◆ Prompt ◆
Transcribe all of the data exactly. Images stay out.

◆ Data segment ◆
○ ○ ○ ○
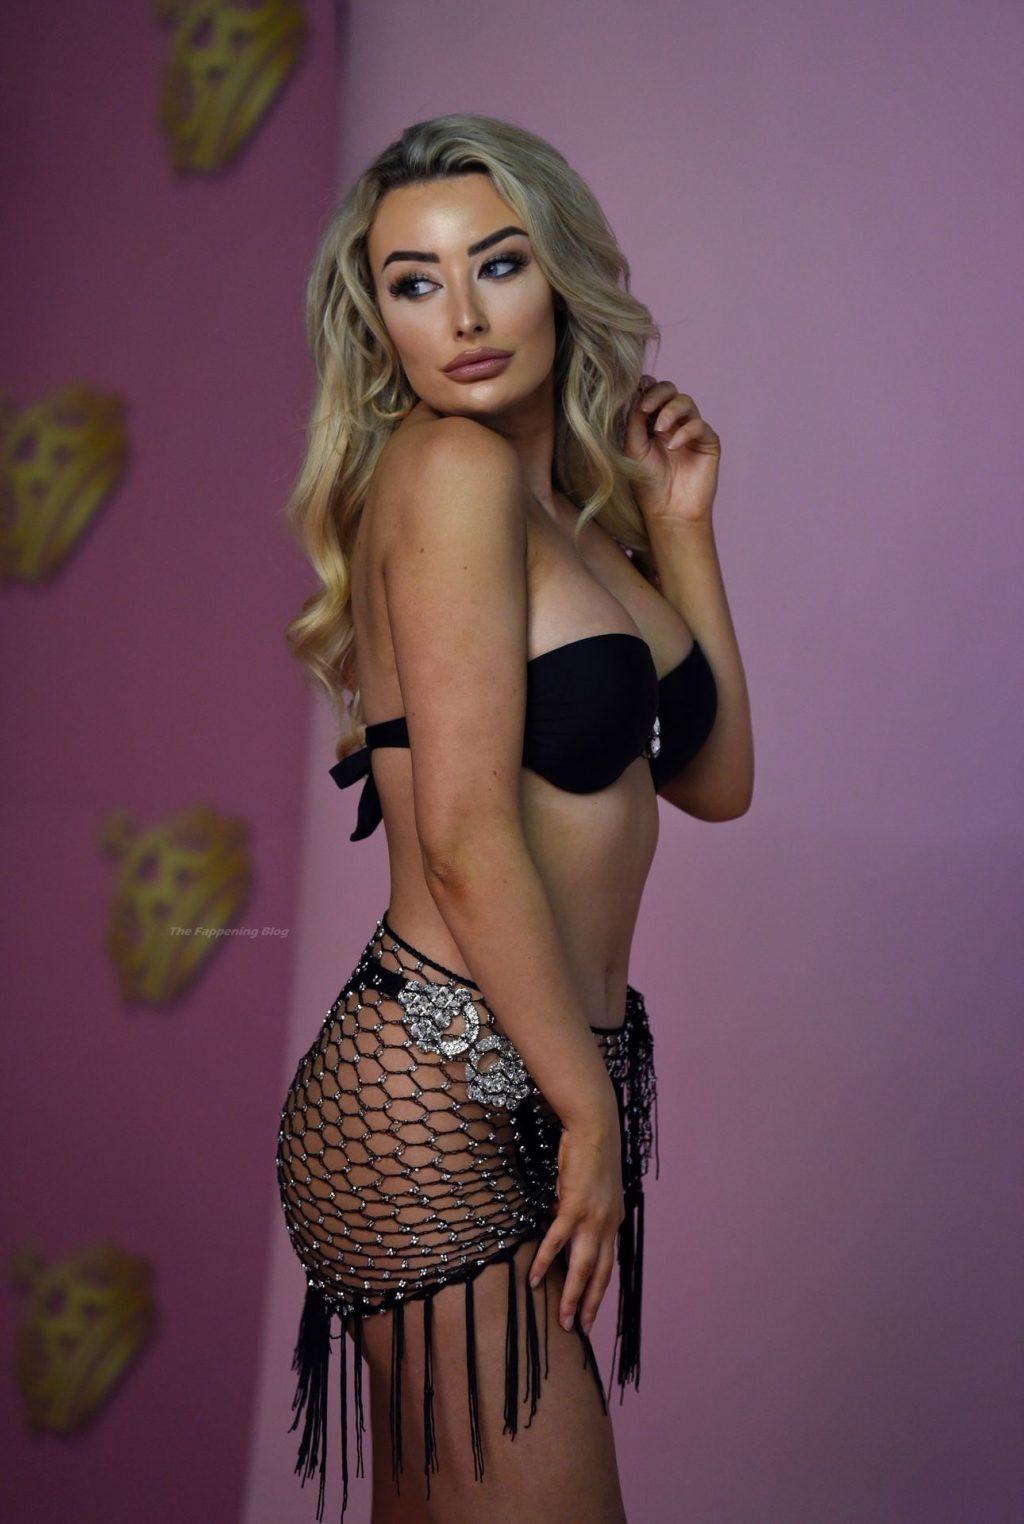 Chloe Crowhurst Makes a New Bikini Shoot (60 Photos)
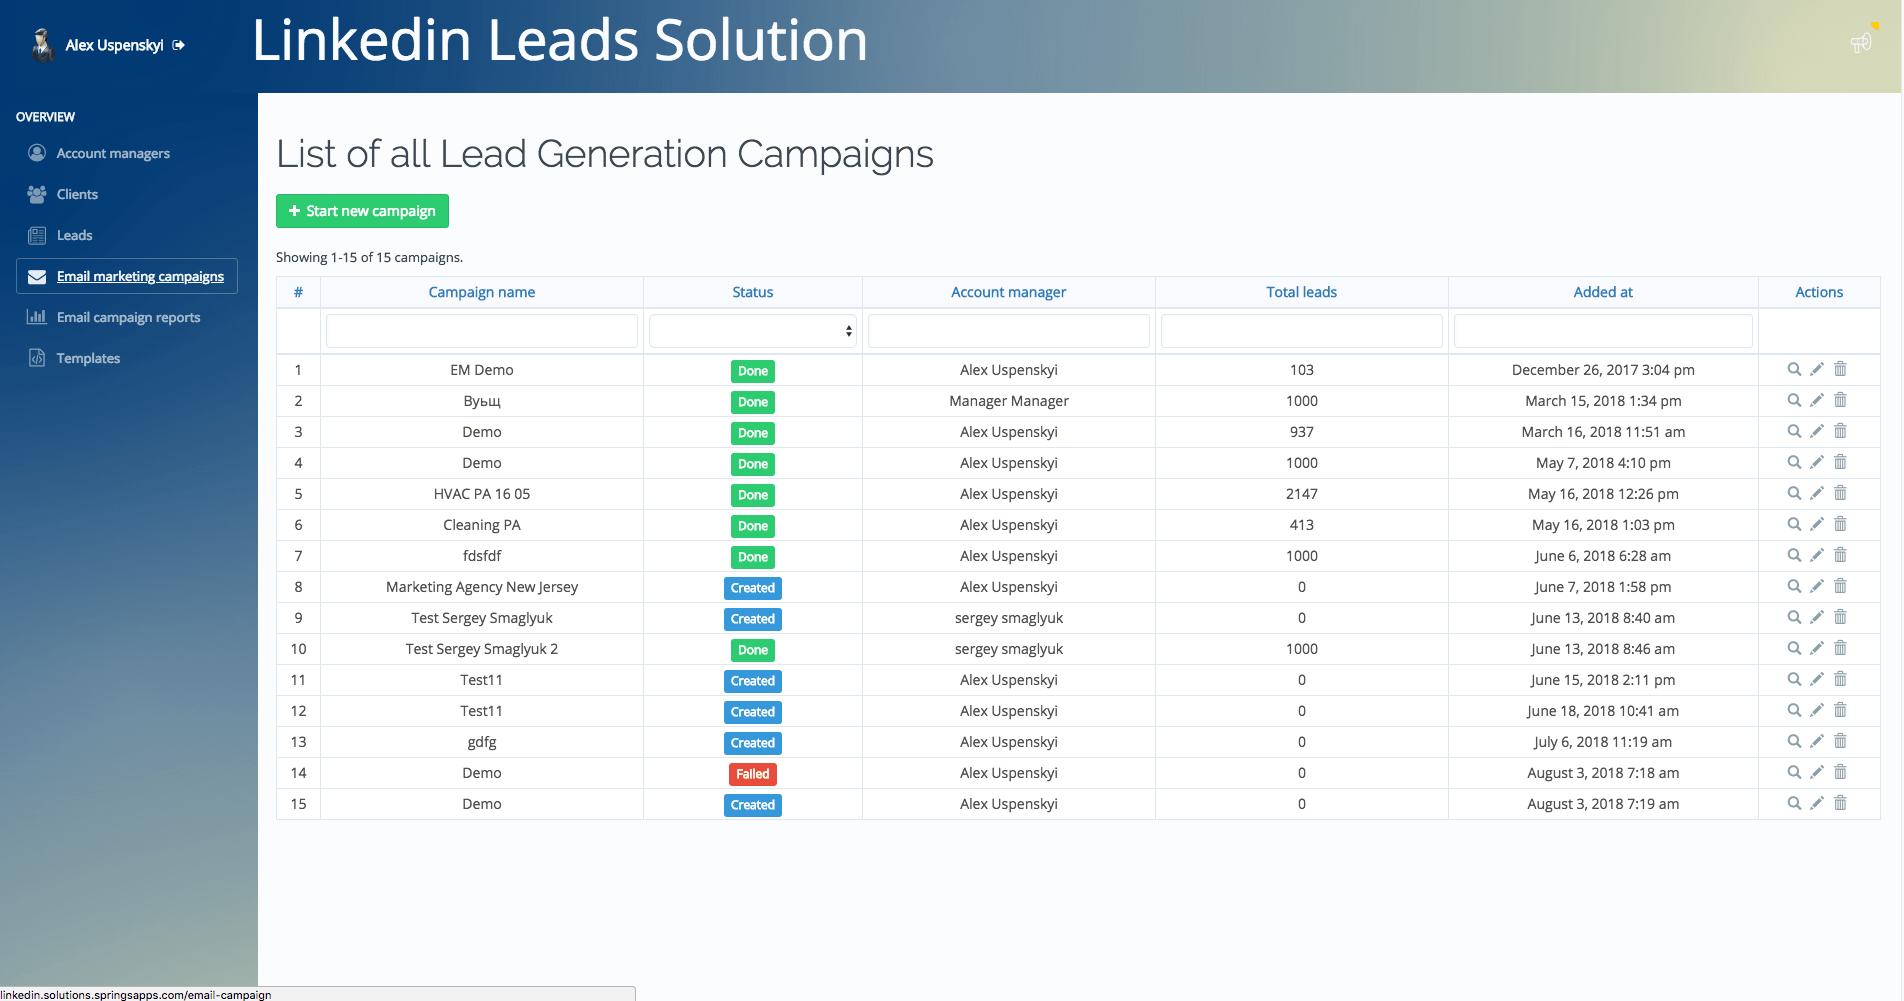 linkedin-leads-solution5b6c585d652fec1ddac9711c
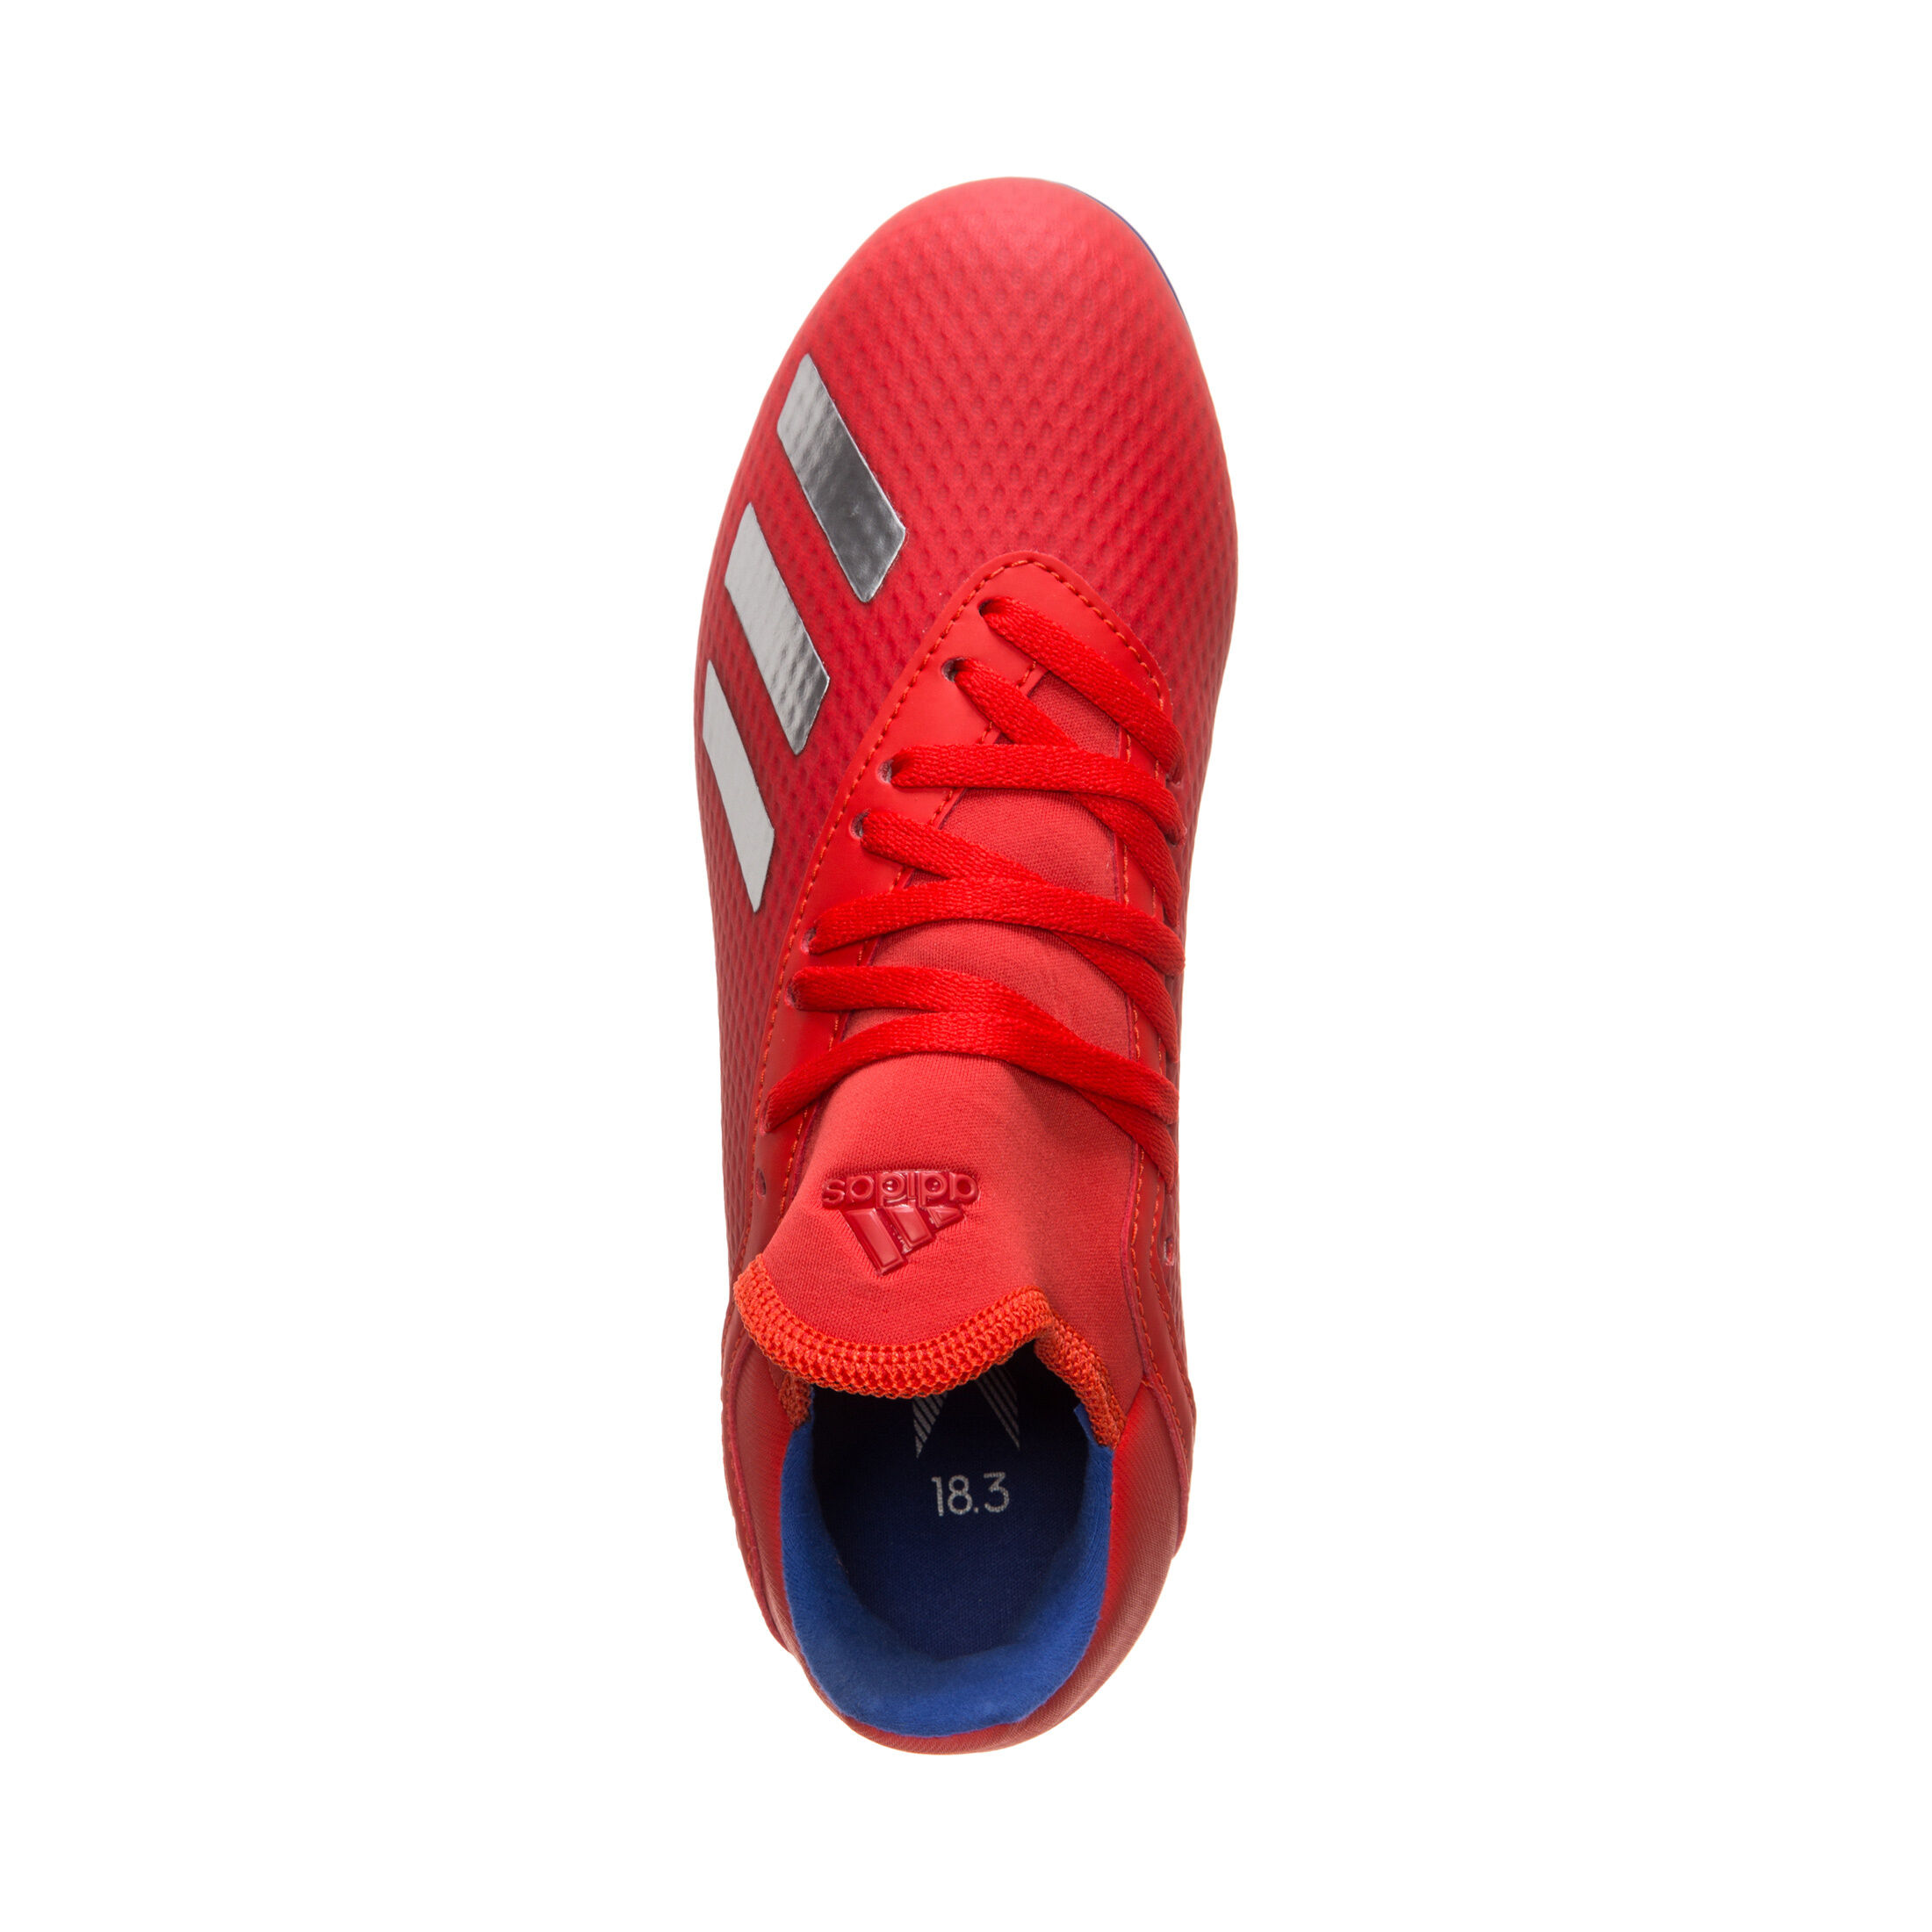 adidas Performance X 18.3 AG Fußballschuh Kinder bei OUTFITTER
○ ○ ○ ○
◆ Solved exercise ◆
 Chloe Crowhurst Makes a New Bikini Shoot (60 Photos)
 linkedin-leads-solution5b6c585d652fec1ddac9711c
 adidas Performance X 18.3 AG Fußballschuh Kinder bei OUTFITTER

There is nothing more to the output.